In section #92, Pope Francis writes about the community of the Church as "a mystical fraternity, a contemplative fraternity."  This is because harmony is not something that can achieved on our own. It only comes from union with God. He writes: "It is a fraternal love capable of seeing the sacred grandeur of our neighbor, of finding God in every human being, of tolerating the nuisances of life in common by clinging to the love of God, of opening the heart to divine love and seeking the happiness of others just as their heavenly Father does."  Only a deeper relationship with the Lord will help us to see as God sees: to see "the sacred grandeur of our neighbor" and to "find God in every human being." Such seeing will help us negotiate the inevitable "nuisances of life in common." Such prayer--by which we cling "to the love of God" and open our hearts "to divine love" which empowers us to love as God loves--will help us to embody the harmony of "the mountain of the Lord's house."

Christians' individual acts of love which seek "the happiness of others just as their heavenly Father does" are powerful, but even more powerful is the witness of a loving community. The Church and our parishes are called to that. Pope Francis continues: "Here and now ... the Lord's disciples are called to live as a community which is the salt of the earth and the light of the world (cf. Mt 5: 13-16). We are called to bear witness to a constantly new way of living together in fidelity to the Gospel. Let us not allow ourselves to be robbed of community!"

In St. Paul's words from the second reading (Romans 13: 11-14), we are to "put on the Lord Jesus Christ."  Or, as the Sisters of the Visitation say in their motto, "Live Jesus."  We are to live in union with him, to have his mind and heart, his way of thinking. We are to see as he sees and act as he would act.  St. John the Baptist once said "He must increase. I must decrease" (John 3: 30). We must die to ourselves in order to live for Christ. And not only for him, but with him and in union with him. More and more, each day of Advent and each day of our lives, may we be able to say, as St. Paul said "I live, no longer I, but Christ lives in me" (Galatians 2: 20).

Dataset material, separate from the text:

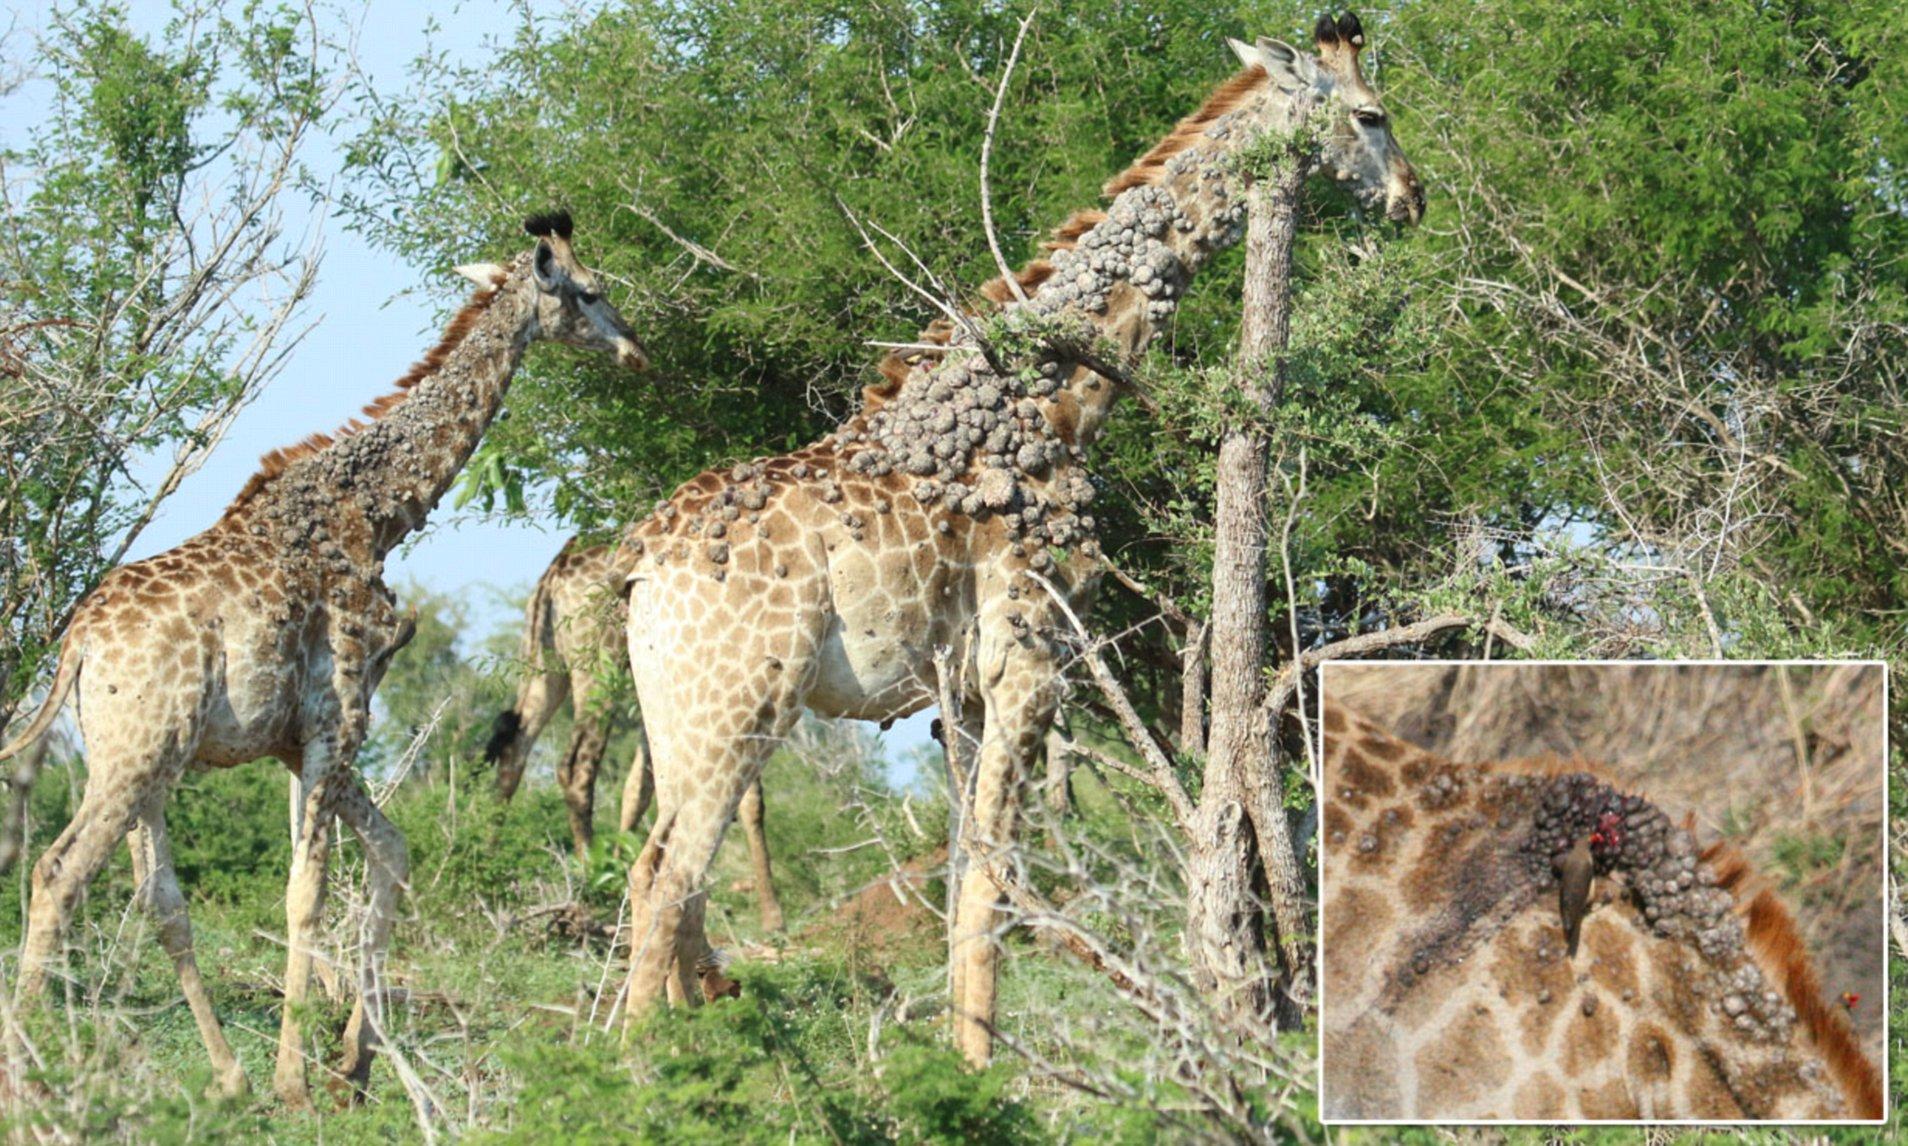 papillomavirus giraffe helminth immunomodulation in autoimmune disease

Practically speaking, this is what our daily offering prayer is designed to do. We offer each day and ourselves to God. We surrender our egos and our bodies. We give to God every thought, word, and deed; every prayer, work, joy, and suffering; every breath and every heart beat. Praying and living this, we will "put on the Lord Jesus Christ" and community will form. The Kingdom of God will break into our world and take root. People will be drawn to Christ through his Church. And each of us will be ready for the final surrender when we will meet the Lord. As the peace prayer attributed to St. Francis goes, "it is in giving that we receive."  Giving all, we will be ready to receive all.